| Available data |
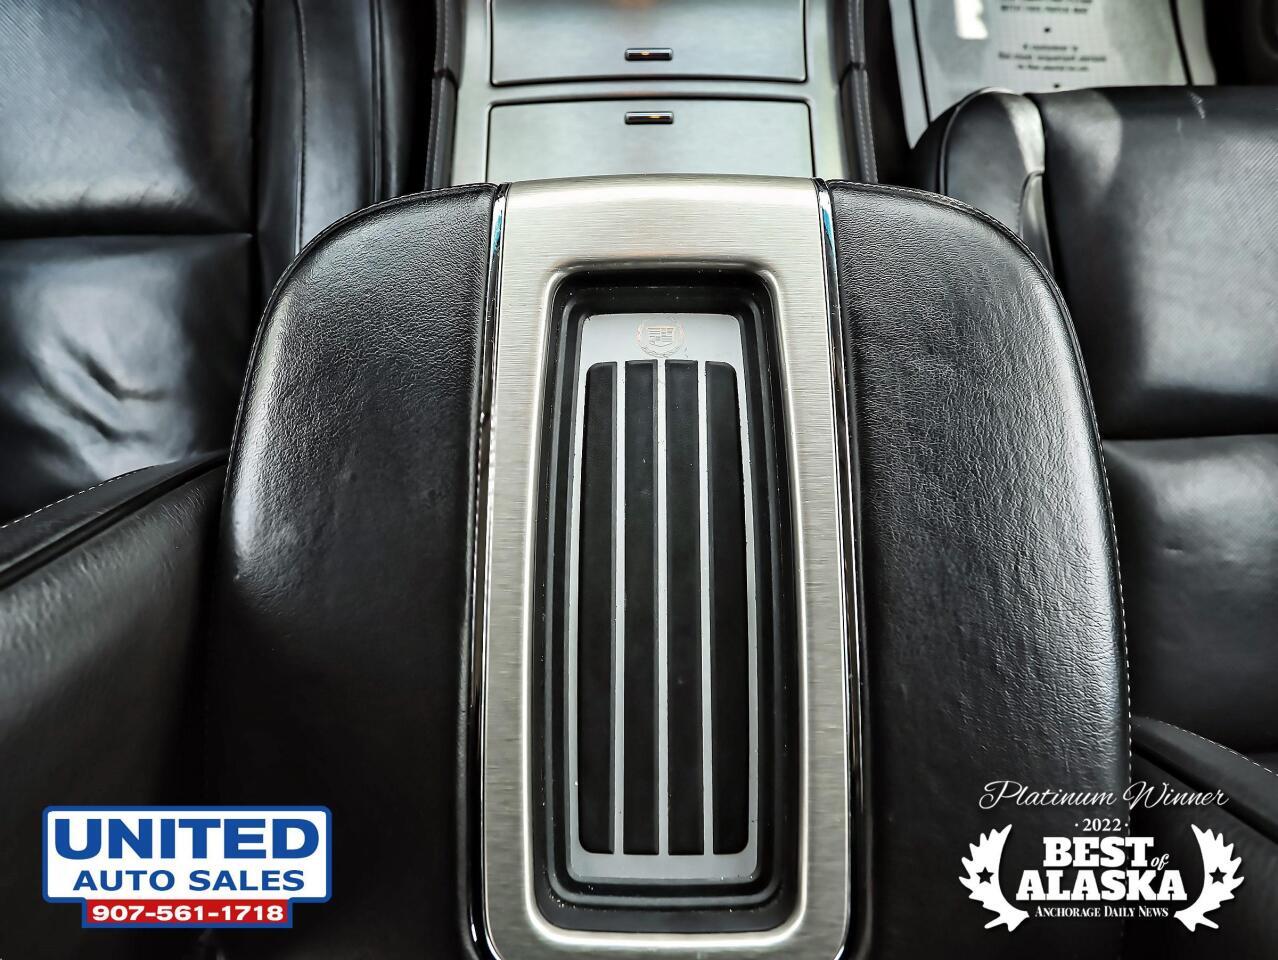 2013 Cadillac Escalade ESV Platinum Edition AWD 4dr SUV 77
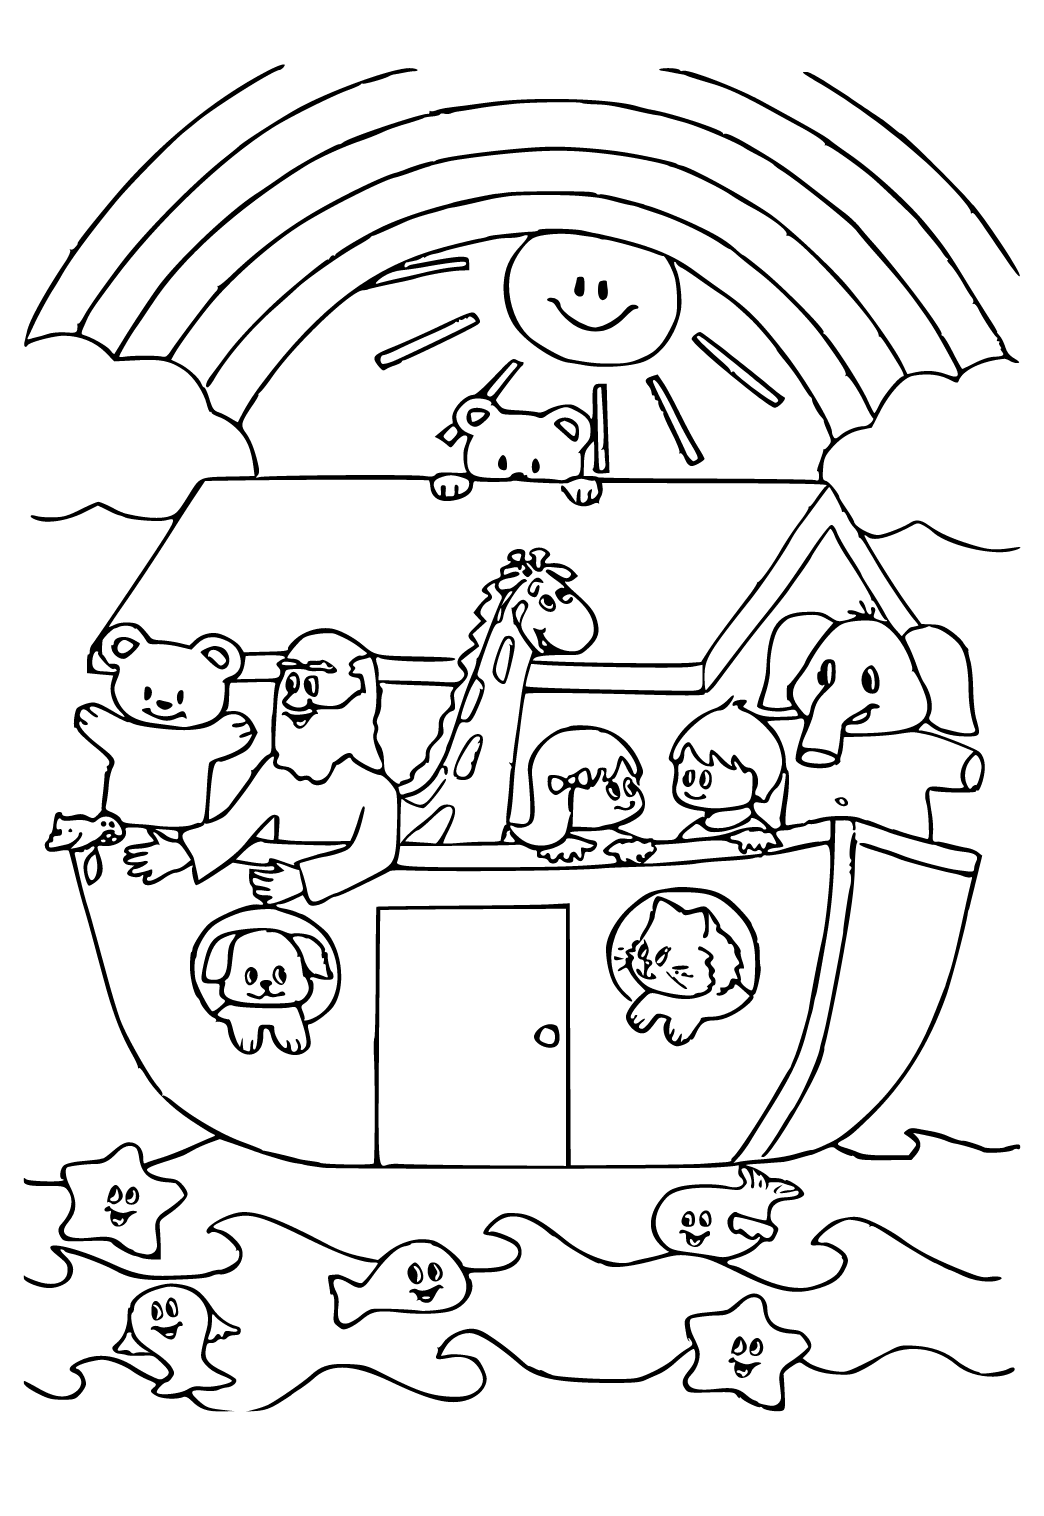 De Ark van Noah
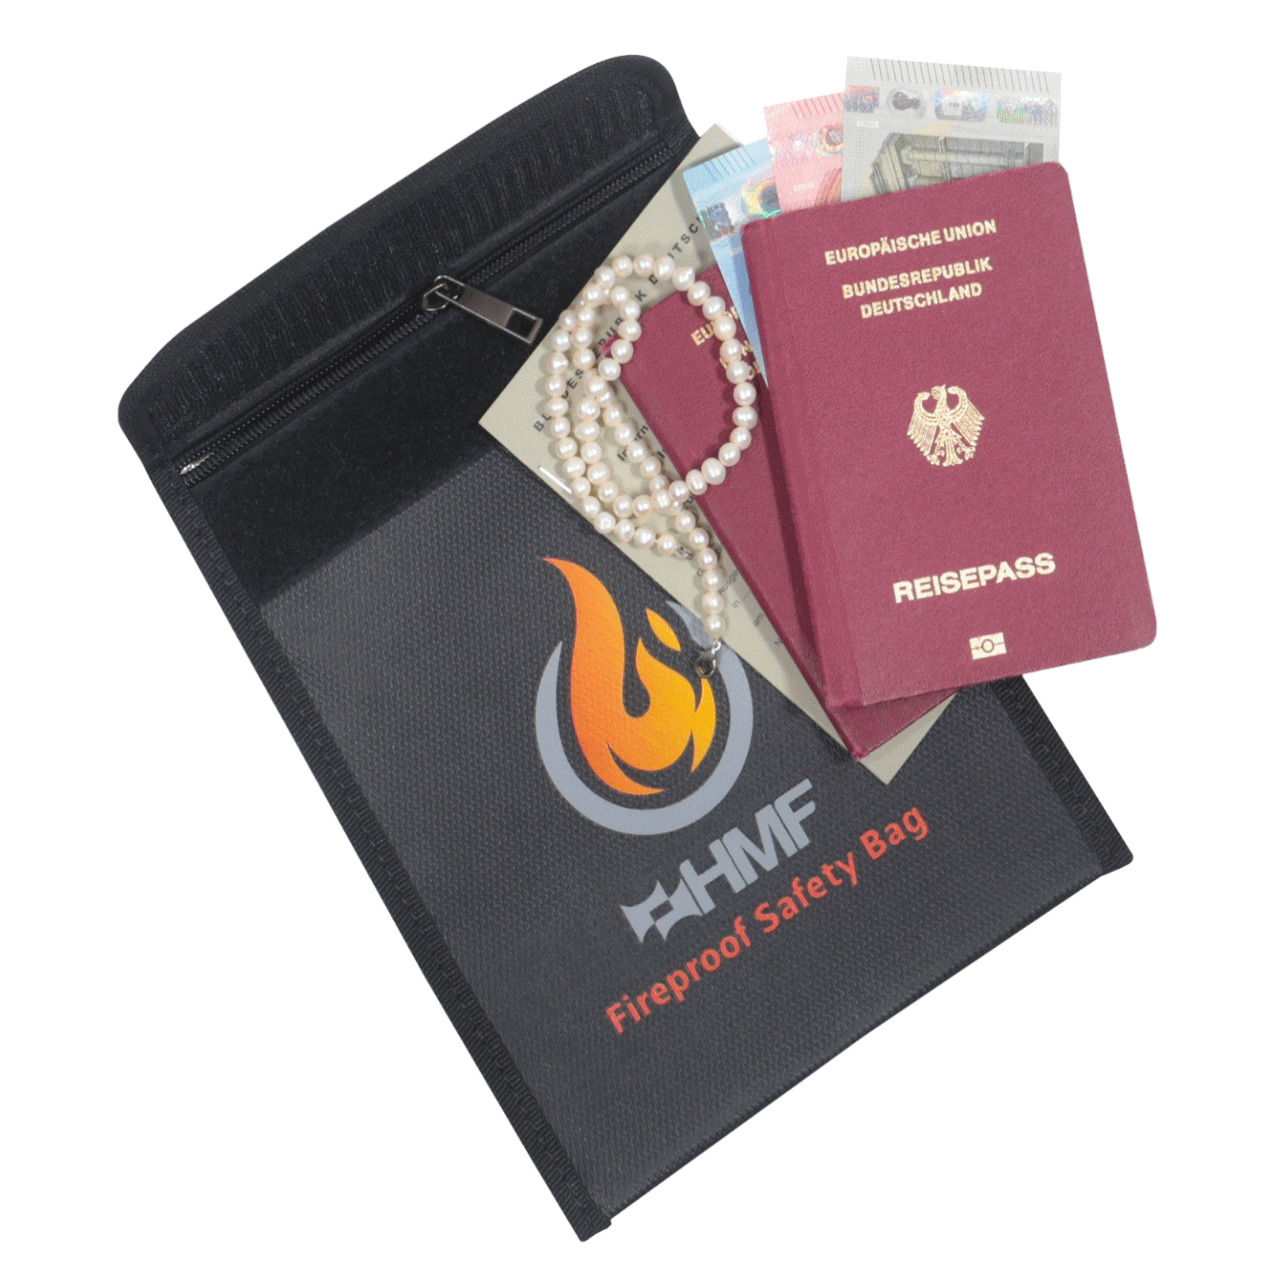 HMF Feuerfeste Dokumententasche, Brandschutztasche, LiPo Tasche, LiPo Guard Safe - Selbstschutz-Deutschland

| Problem to work on |
Give back the data exactly. Skip any images.

| Response to this task |
 2013 Cadillac Escalade ESV Platinum Edition AWD 4dr SUV 77
 De Ark van Noah
 HMF Feuerfeste Dokumententasche, Brandschutztasche, LiPo Tasche, LiPo Guard Safe - Selbstschutz-Deutschland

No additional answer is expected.